The publication quotes the words of the former commander of the Estonian Defense Forces, General Riho Terrace, who compared the Russian leader to a "street fighter". "Every time there is an opportunity, he takes it. The West is trying to skate, and Putin is playing hockey," he said.
It is noted that Putin once again demonstrated confidence in his abilities during the gas crisis in Europe, when prices for blue fuel set records. The energy crisis clearly demonstrates the extremely powerful weapon that gives Russia a serious advantage in its relations with the EU. "The Kremlin, apparently, is no longer looking for the approval of the West, which allowed Moscow's aggressiveness to grow, failing to influence it," said CNN senior producer Luke McGee.
In turn, Oleg Ignatov, senior analyst at the non-profit organization International Crisis Group in Russia, pointed out that Europe and the West need to rethink their policies in various areas: from energy and foreign interference to state-building. "Ten years ago, this argument was more defensive, because the Kremlin wanted to protect itself from criticism from Western governments or NGOs.

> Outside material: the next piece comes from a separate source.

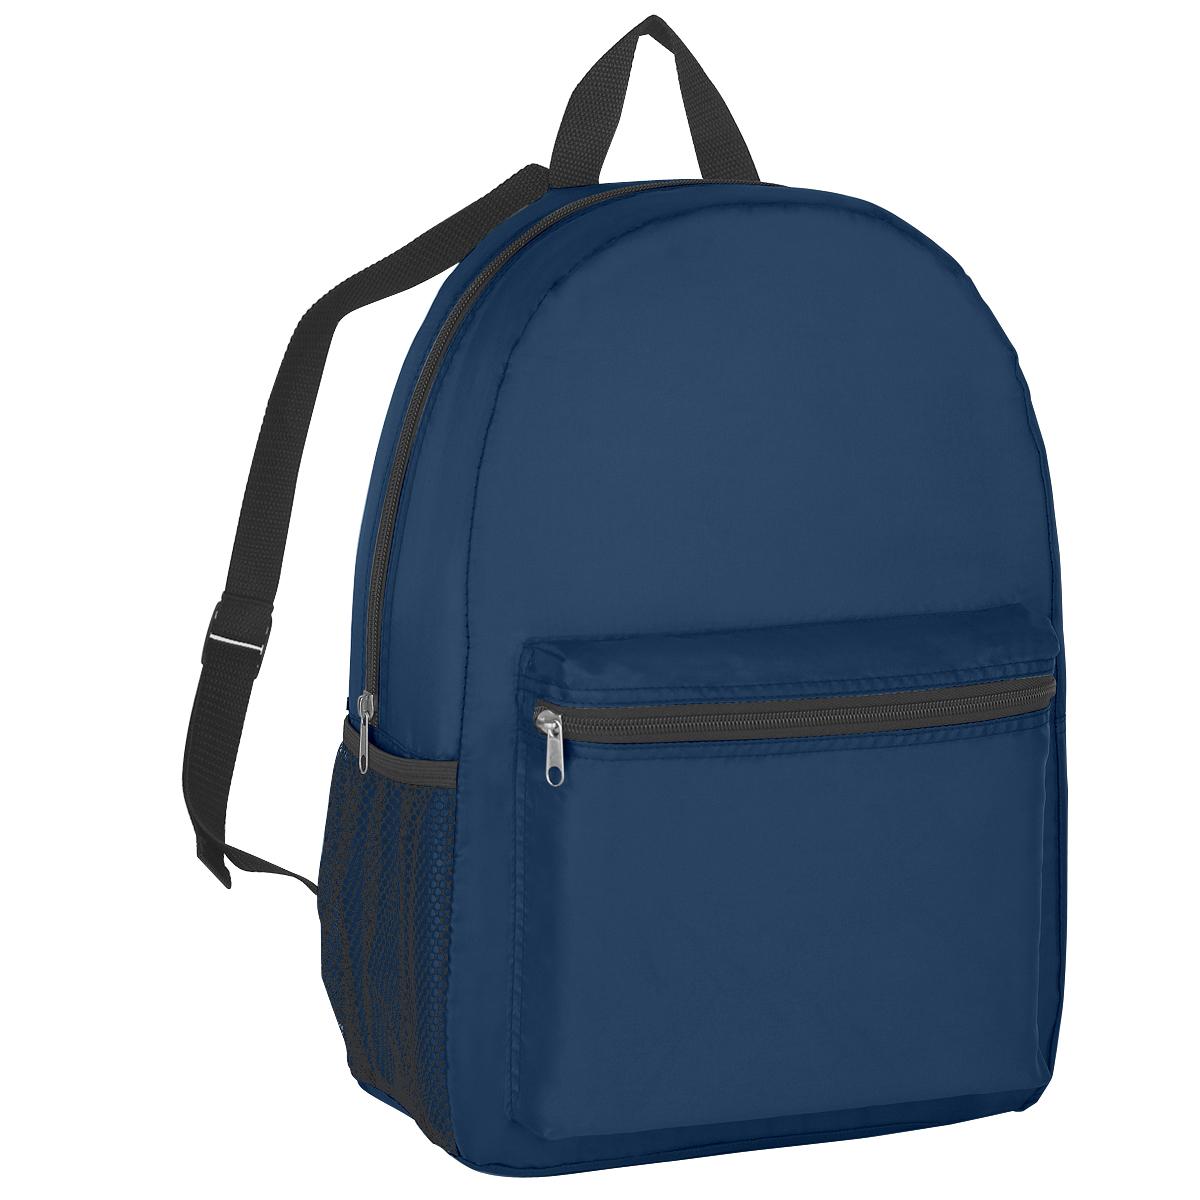 3023 - Backpack

But now Russia can claim that the West's policy has failed in Libya, Syria, and now in Afghanistan so much that Russia's approach was actually correct," the expert concluded.

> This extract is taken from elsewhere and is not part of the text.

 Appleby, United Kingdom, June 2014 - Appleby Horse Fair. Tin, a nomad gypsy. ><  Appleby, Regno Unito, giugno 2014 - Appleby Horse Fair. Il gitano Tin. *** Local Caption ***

On October 20, Putin spoke at the plenary session of the XVIII annual meeting of the Valdai Club. In particular, he described the situation in the world with the Chinese saying "God forbid to live in an era of change." "But we are already living in it, whether we want it or not," he said. In his opinion, currently socio-economic problems in different countries have worsened to such an extent that in the past there were shocks on a global scale.

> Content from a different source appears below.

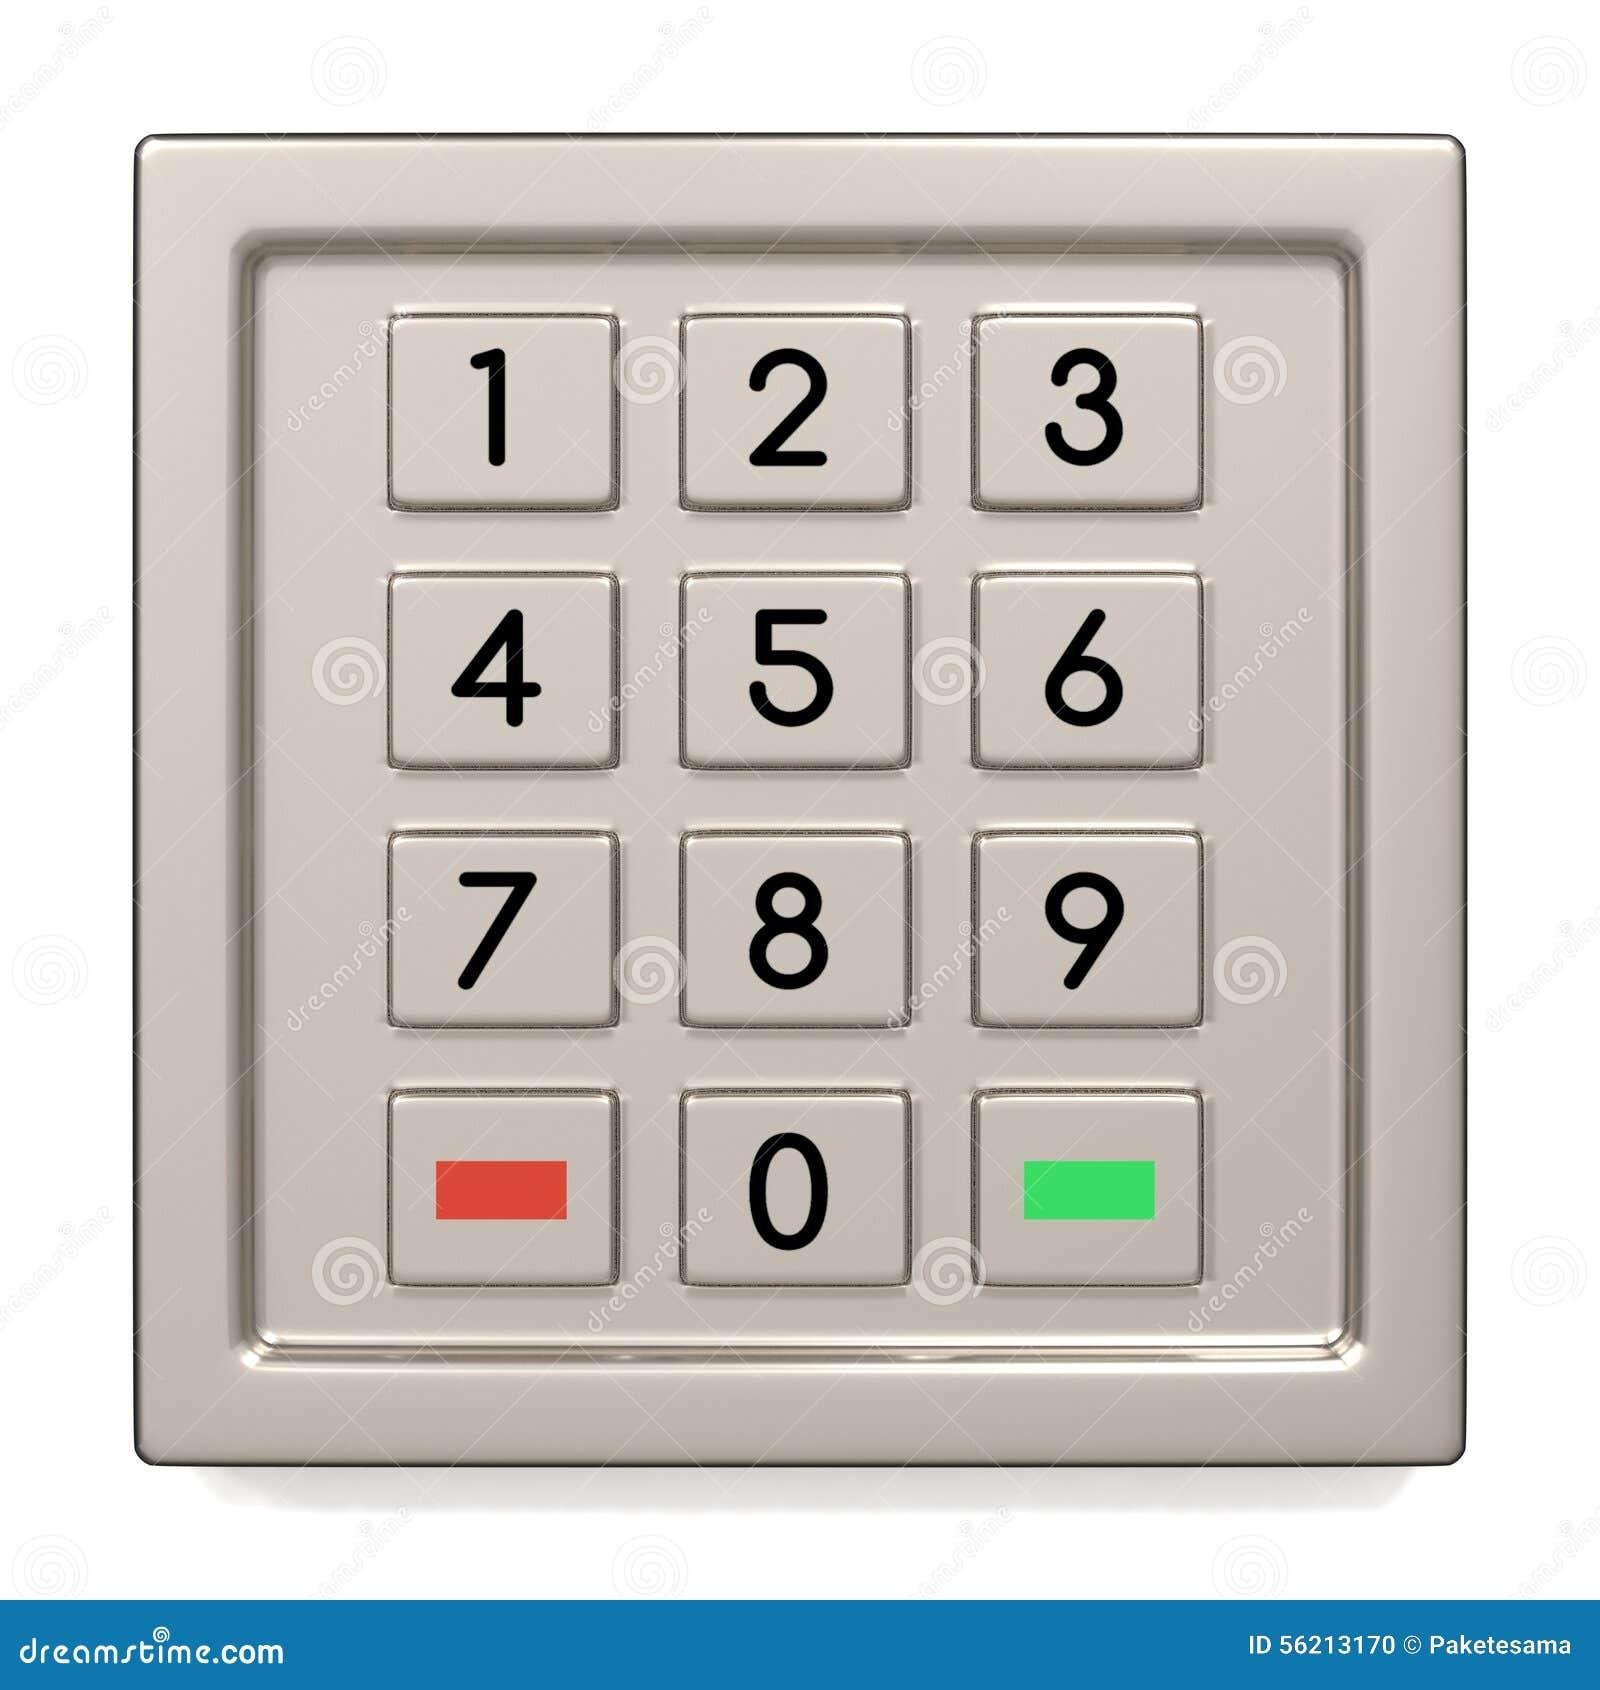 atm machine keypad stock illustration image of code 56213170. Black Bedroom Furniture Sets. Home Design Ideas

In September, the British Daily Mail considered the large-scale joint military exercises of Russia and Belarus a new challenge that Russian President Vladimir Putin has thrown to Western countries. The publication noted that the maneuvers have already caused serious concerns among NATO countries. In particular, the members of the North Atlantic Alliance are alarmed that the exercises will also take place on the territory of Belarus, which in fact is a "quasi-buffer zone" between Russia and Europe.